In the first fMRI study, we orthogonalized reward delivery to the task-relevant predictions about visual stimuli; additionally, we verified by
model comparison that our subjects’ decisions were unlikely to be driven by reward predictions. In our second fMRI study, we entirely omitted any reward, yet found exactly the same VTA/SN response to PEs about visual stimuli as in the first fMRI study (Figure 3). Beyond PEs about visual stimulus category, our hierarchical model also enabled us to examine higher-level PEs. Specifically, in both fMRI studies, we found a significant activation of the cholinergic basal forebrain by the precision-weighted PE ε3 about conditional probabilities selleck inhibitor (of the visual stimulus given the auditory cue) or, equivalently, cue-outcome contingencies. This finding provides a new perspective on possible computational roles of ACh. In the previous literature, the release of acetylcholine has
been associated with a diverse range of functions, including working memory (Hasselmo, 2006), attention (Demeter and Sarter, 2013), or learning (Dayan, 2012 and Doya, 2002).

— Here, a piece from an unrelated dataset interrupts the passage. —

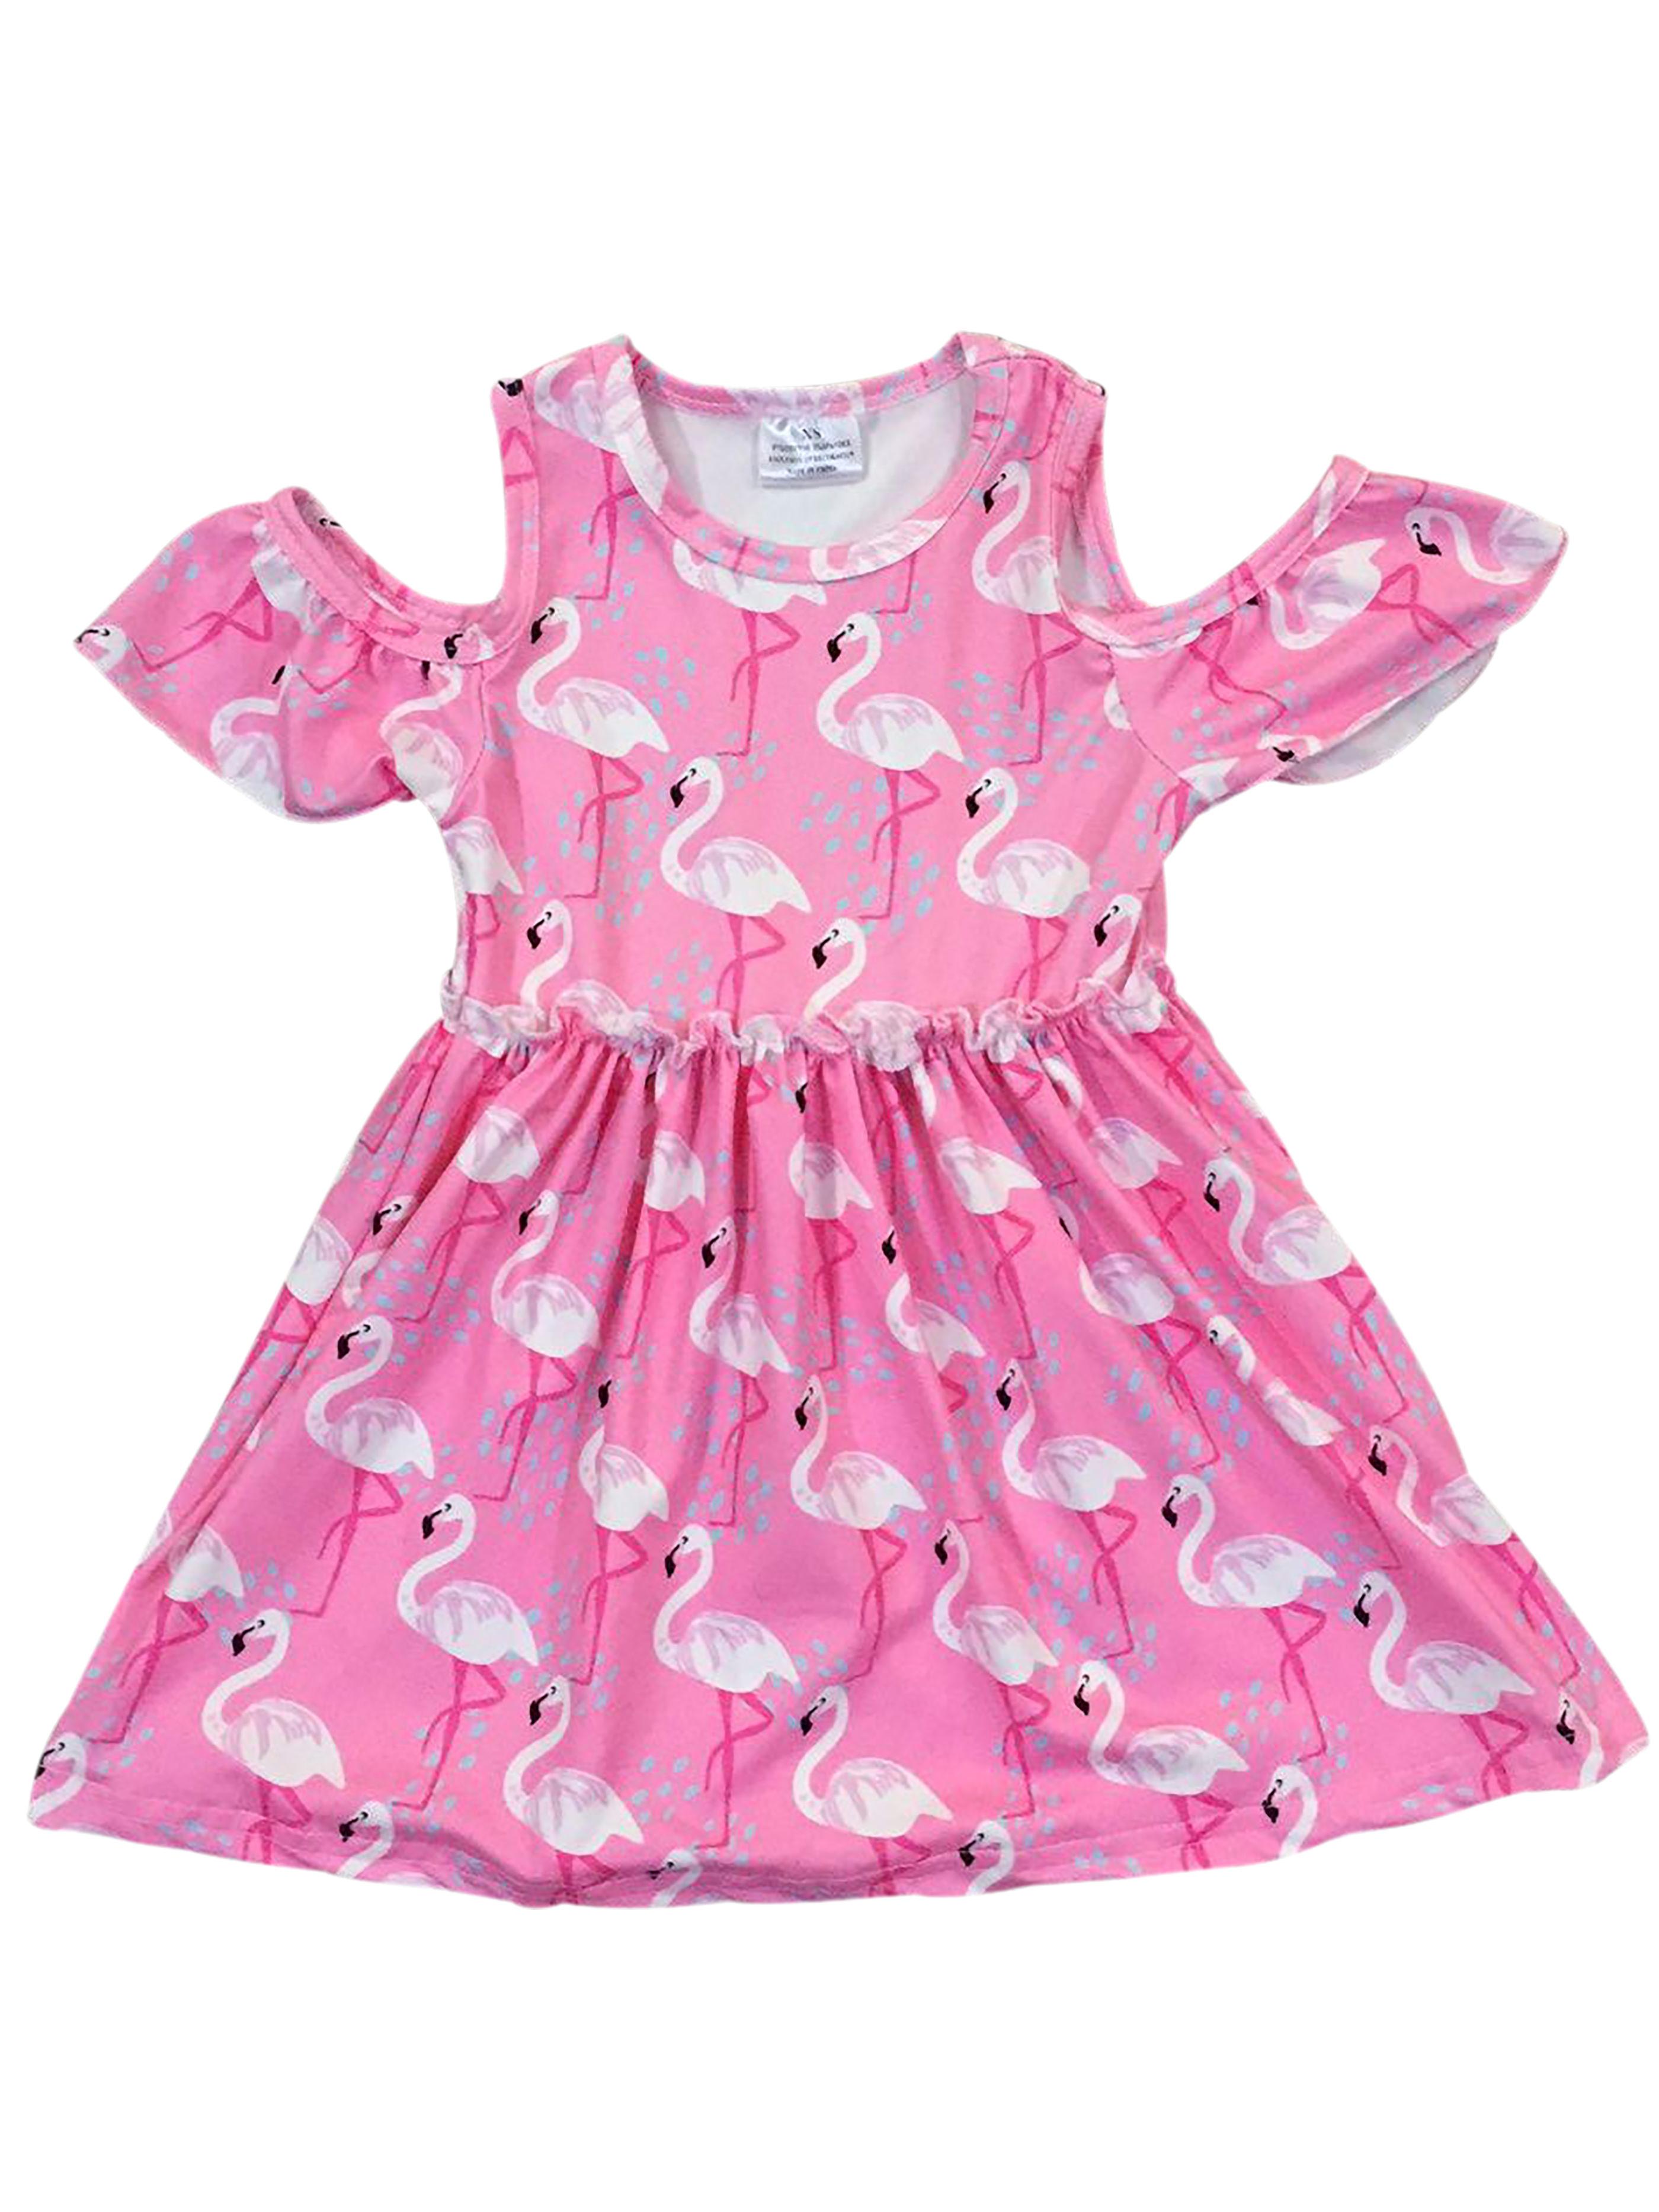 Sunny Fashion Girls Dress Flamingos Lotus Print Wave Waist Bow Tie Size 6-12

A recent influential proposal was that ACh levels may encode the degree of “expected uncertainty” (EU) (Yu and Dayan, 2002 and Yu and Dayan, 2005). Operationally, EU was defined (in Selleckchem Alectinib slightly different ways across articles) in reference to a hidden Markov model representing the relation between contextual states, cue validity, and sensory events. Notably, Yu and Dayan, 2002 and Yu and Dayan, 2005) implicitly defined EU as a high-level PE, in the sense that it represents the difference between a conditional probability (degree of cue validity) and certainty. Despite clear differences in
the underlying models, this definition is conceptually Substrate-level phosphorylation related to ε3 in our model (see Supplemental Experimental Procedures, section A, for details) that we found was encoded by activity in the basal forebrain. Our empirical findings thus complement the previous theoretical arguments by Yu and Dayan, 2002 and Yu and Dayan, 2005), offering a related perspective on ACh function by conceptualizing it as a precision-weighted PE about conditional probabilities (cue-outcome contingencies). The precision-weighting of this PE also relates our results on basal forebrain activation to the previous suggestion of a link between ACh and learning rate (Doya, 2002). This is because, in its numerator, ψ3 (the precision weight of ε3) contains an equivalent to a dynamic learning rate (Preuschoff and Bossaerts, 2007) for updating cue-outcome contingencies (see Equation A.10 in the Supplemental Experimental Procedures, section A and Equation 27 in Mathys et al., 2011). In summary, our findings are important in two ways. First, they provide empirical support for the importance of precision-weighted PEs as postulated by the Bayesian brain hypothesis.